4. Learn about advanced icepyx capabilities including data value visualization prior to download. 
5. Extract common data variables into a Geopandas dataframe.
7. Plot and visualize the altimetry time series to detect glacial elevation change over time.

<b>Authors:</b><br />
<span style="font-size:larger;">Jessica Scheick</span>, *University of New Hampshire*, Durham, New Hampshire<br />
<span style="font-size:larger;">Nicholas Kotlinski & Amy Steiker</span>, *NASA National Snow and Ice Data Center DAAC*, Boulder, Colorado, USA

---

#### Running this tutorial locally

To run this notebook locally, you must first set up your computing environment. Please see the [repository readme](https://github.com/nsidc/NSIDC-Data-Tutorials#usage-with-binder) for instructions on several ways (using Binder, Docker, or Conda) to do this.

### 1. NASA's Earthdata Credentials

To access data using the *IceFlow* library and *icepyx* package, it is necessary to log into [Earthdata Login](https://urs.earthdata.nasa.gov/). To do this, enter your NASA Earthdata credentials in the next step after executing the following code cell.

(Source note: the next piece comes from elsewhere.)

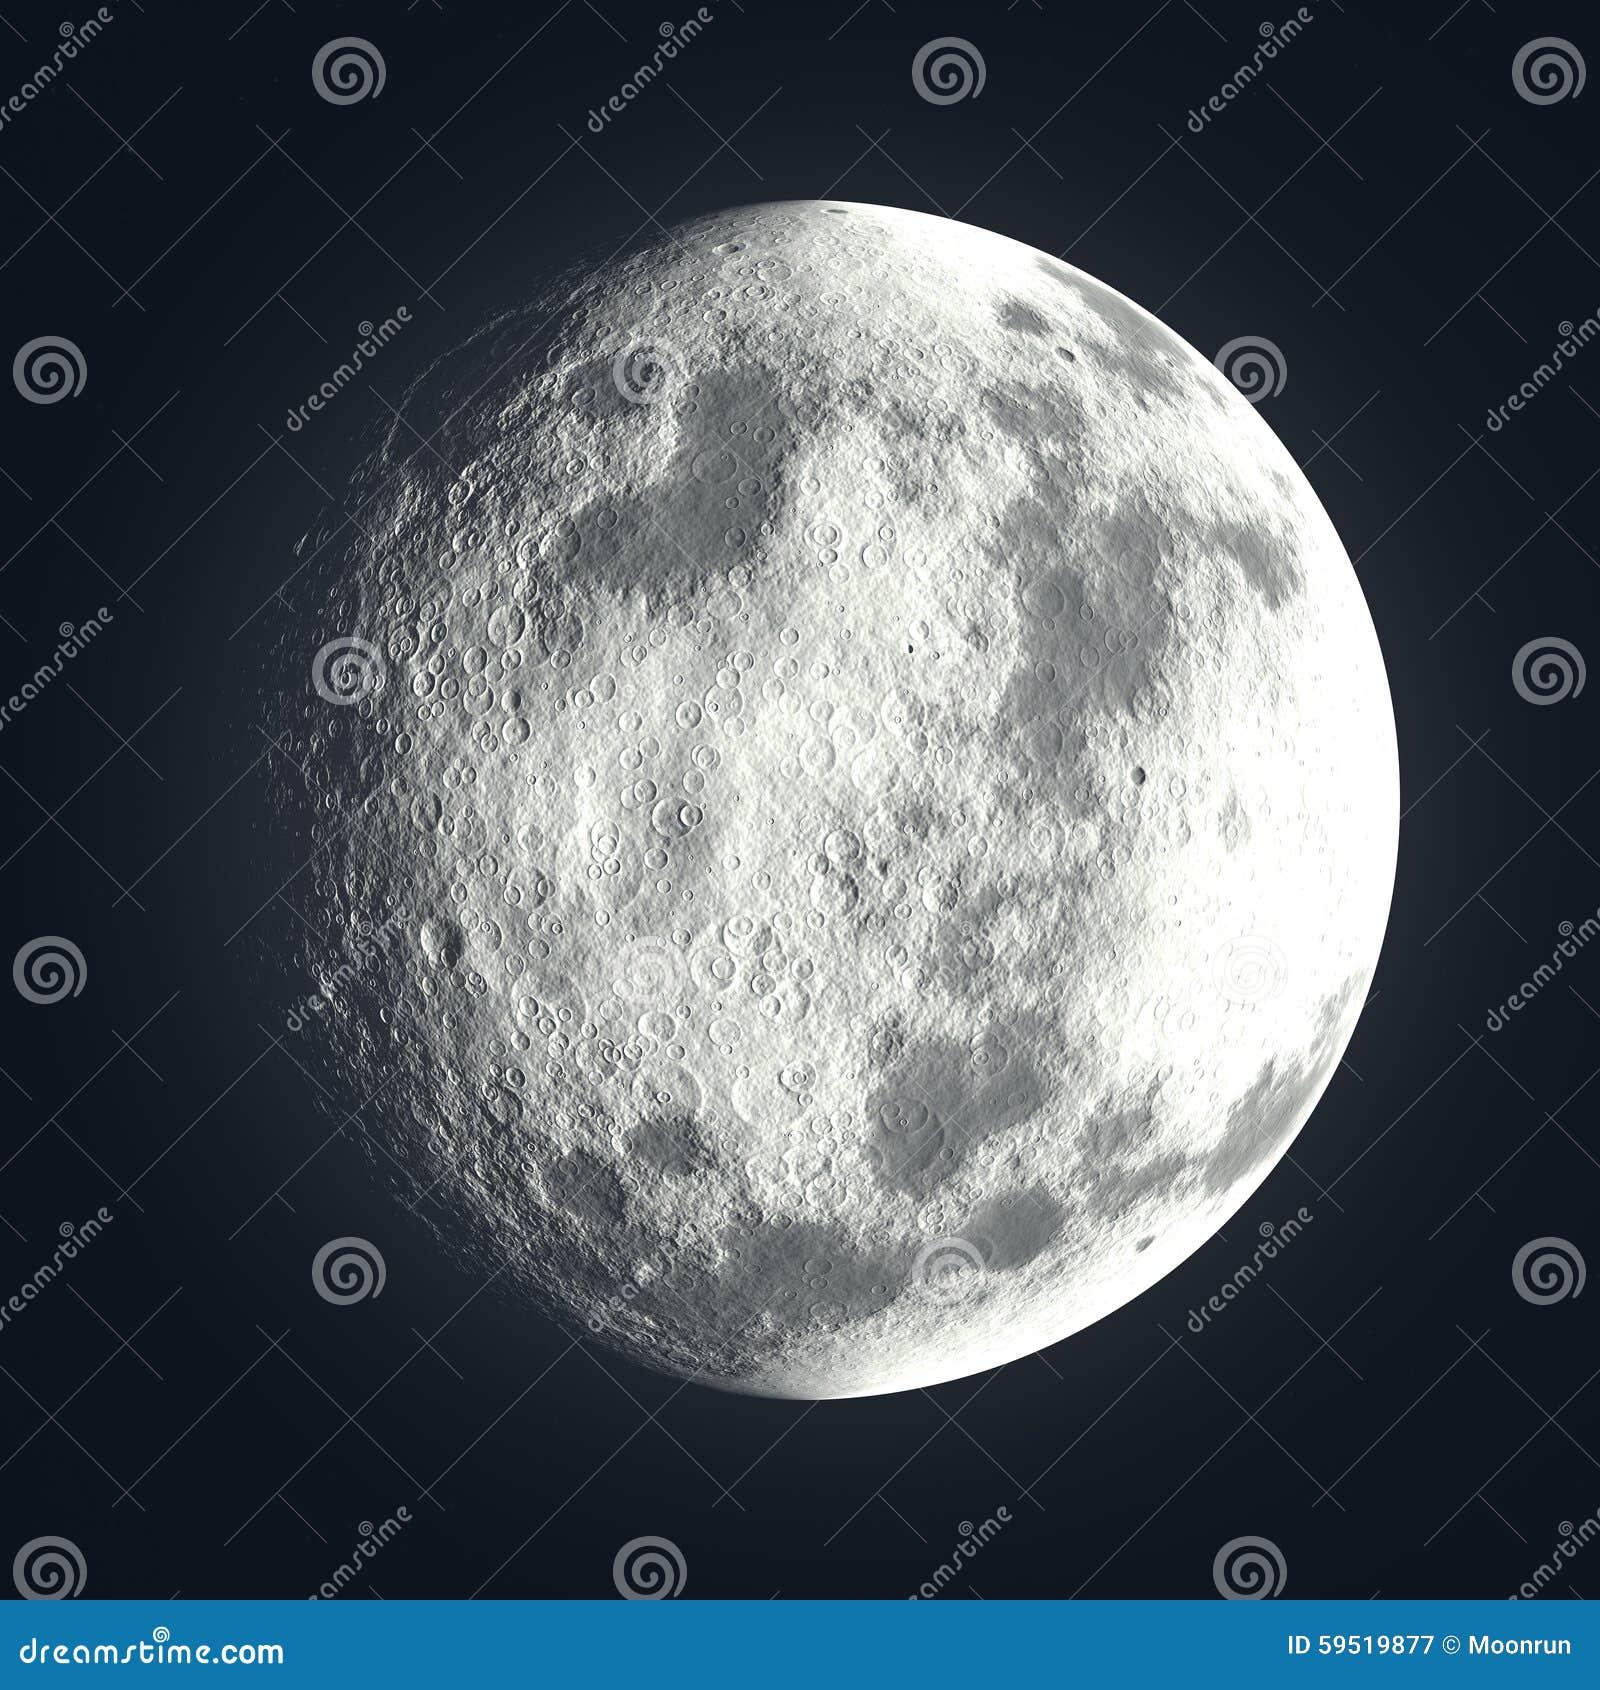 Lune avec les cratères lunaires

**Note**: If you don't have NASA Earthdata credentials you will need to register first at the link above. An account is free and available to everyone!

In [None]:
# This cell will prompt you for your Earthdata username and password. Press
from iceflow.ui import IceFlowUI
client = IceFlowUI()
client.display_credentials()

In [None]:
# This cell will verify if your credentials are valid. 
# This may take a little while. If it fails, please try again.

authorized = client.authenticate()
if authorized is None:
    print('Earthdata Login not successful')
else:
    print('Earthdata Login successful!')

**Note:** If the output shows "You are logged into NASA Earthdata!", then you are ready to proceed!

---

### 2. Accessing and harmonizing data across missions
#### 2.1. Accessing Data with the *IceFlow* Access Widget
The *IceFlow* access widget is a user interface tool to visualize flightpaths from IceBridge, draw a region of interest, set spatio-temporal parameters and place data orders to the *IceFlow* API and *icepyx* package without the need to writing code.
The output of the operations performed in the widget can be seen in the log window (right-most icon at the bottom of your browser.)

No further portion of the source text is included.